Merge request diffs storage

Introduced in GitLab 11.8.

Merge request diffs are size-limited copies of diffs associated with merge requests. When viewing a merge request, diffs are sourced from these copies wherever possible as a performance optimization.

By default, merge request diffs are stored in the database, in a table named merge_request_diff_files. Larger installations may find this table grows too large, in which case, switching to external storage is recommended.

Using external storage

Merge request diffs can be stored on disk, or in object storage. In general, it is better to store the diffs in the database than on disk.

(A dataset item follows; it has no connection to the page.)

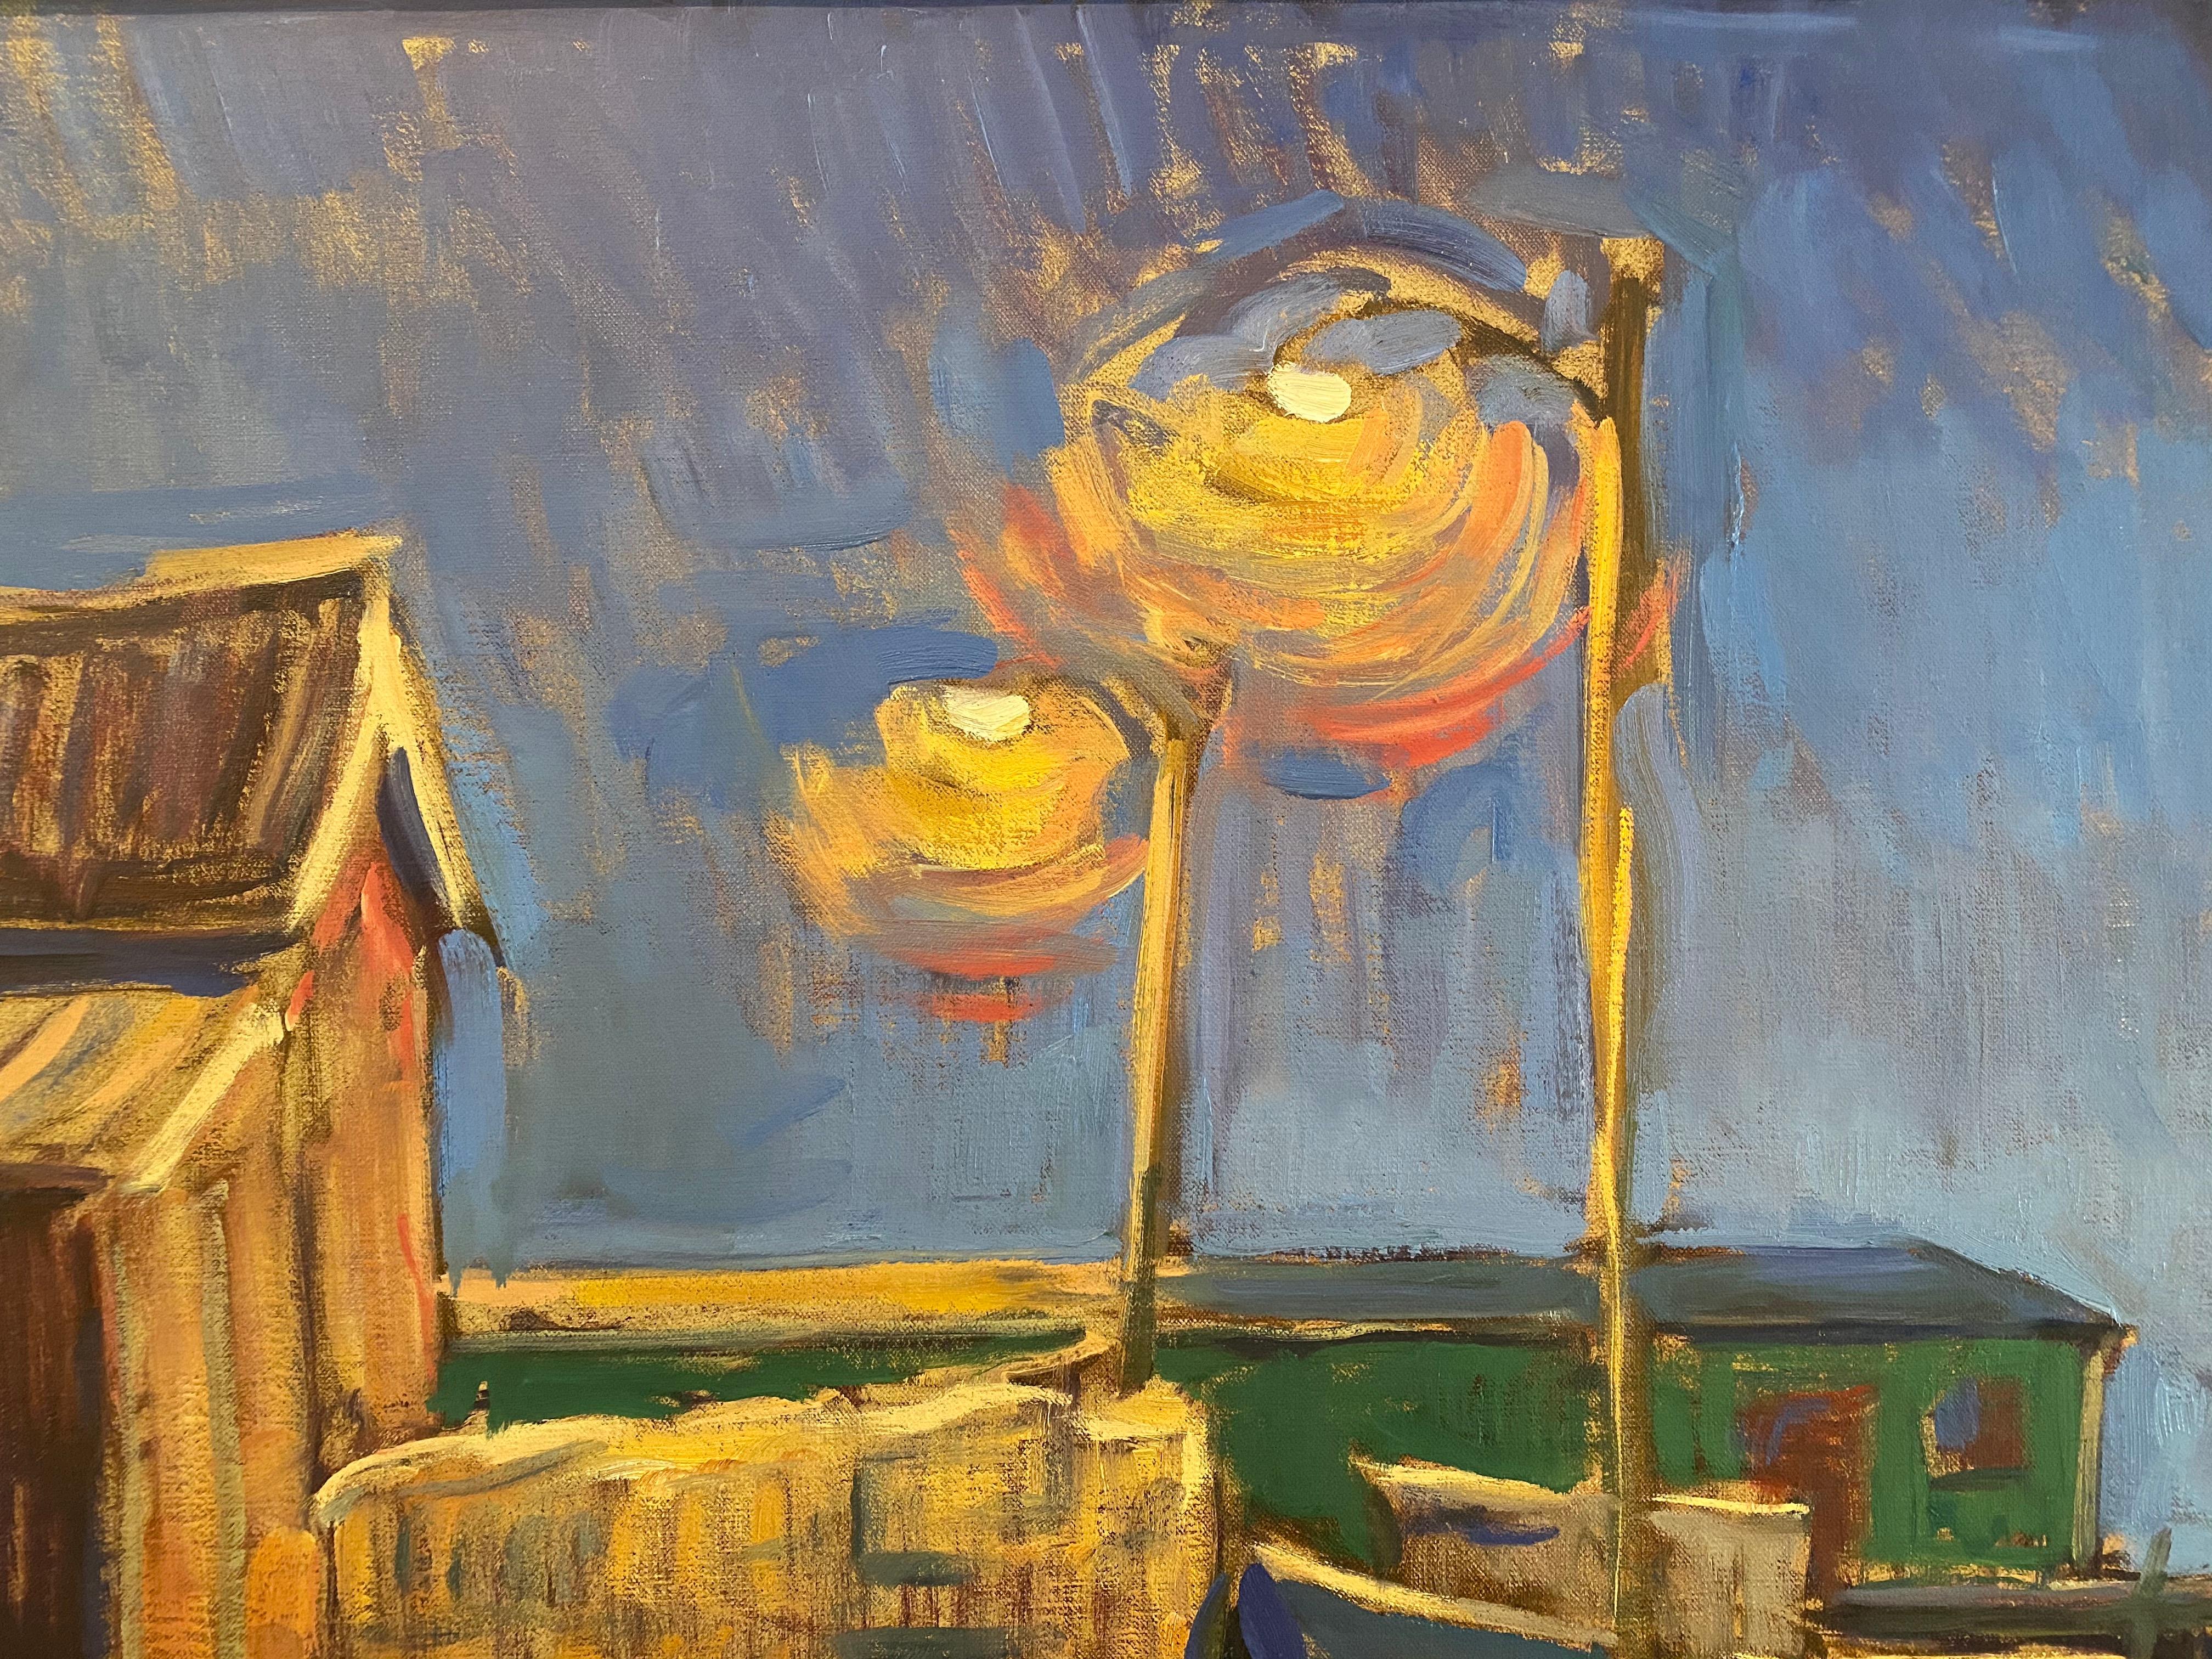 An oil painting of a marina at night. Lamp-posts glow with vibrating energy, creating luminous yellow auras rippling throughout. Tim McGuire is classically trained, yet paints loosely, creating an impressionist vision. 

Painting dimensions: 39.37 x

To enable external storage of merge request diffs, follow the instructions below.

In Omnibus installations:

  1. Edit /etc/gitlab/gitlab.rb and add the following line:

    gitlab_rails['external_diffs_enabled'] = true
    
  2. The external diffs will be stored in in /var/opt/gitlab/gitlab-rails/shared/external-diffs. To change the path, for example, to /mnt/storage/external-diffs, edit /etc/gitlab/gitlab.rb and add the following line:

    gitlab_rails['external_diffs_storage_path'] = "/mnt/storage/external-diffs"
    
  3. Save the file and reconfigure GitLab for the changes to take effect.

In installations from source:

  1. Edit /home/git/gitlab/config/gitlab.yml and add or amend the following lines:

    external_diffs:
      enabled: true
    
  2. The external diffs will be stored in /home/git/gitlab/shared/external-diffs. To change the path, for example, to /mnt/storage/external-diffs, edit /home/git/gitlab/config/gitlab.yml and add or amend the following lines:

    external_diffs:
      enabled: true
      storage_path: /mnt/storage/external-diffs
    
  3. Save the file and restart GitLab for the changes to take effect.

Using object storage

Instead of storing the external diffs on disk, we recommended the use of an object store like AWS S3 instead. This configuration relies on valid AWS credentials to be configured already.

Object Storage Settings

For source installations, these settings are nested under external_diffs: and then object_store:. On Omnibus installations, they are prefixed by external_diffs_object_store_.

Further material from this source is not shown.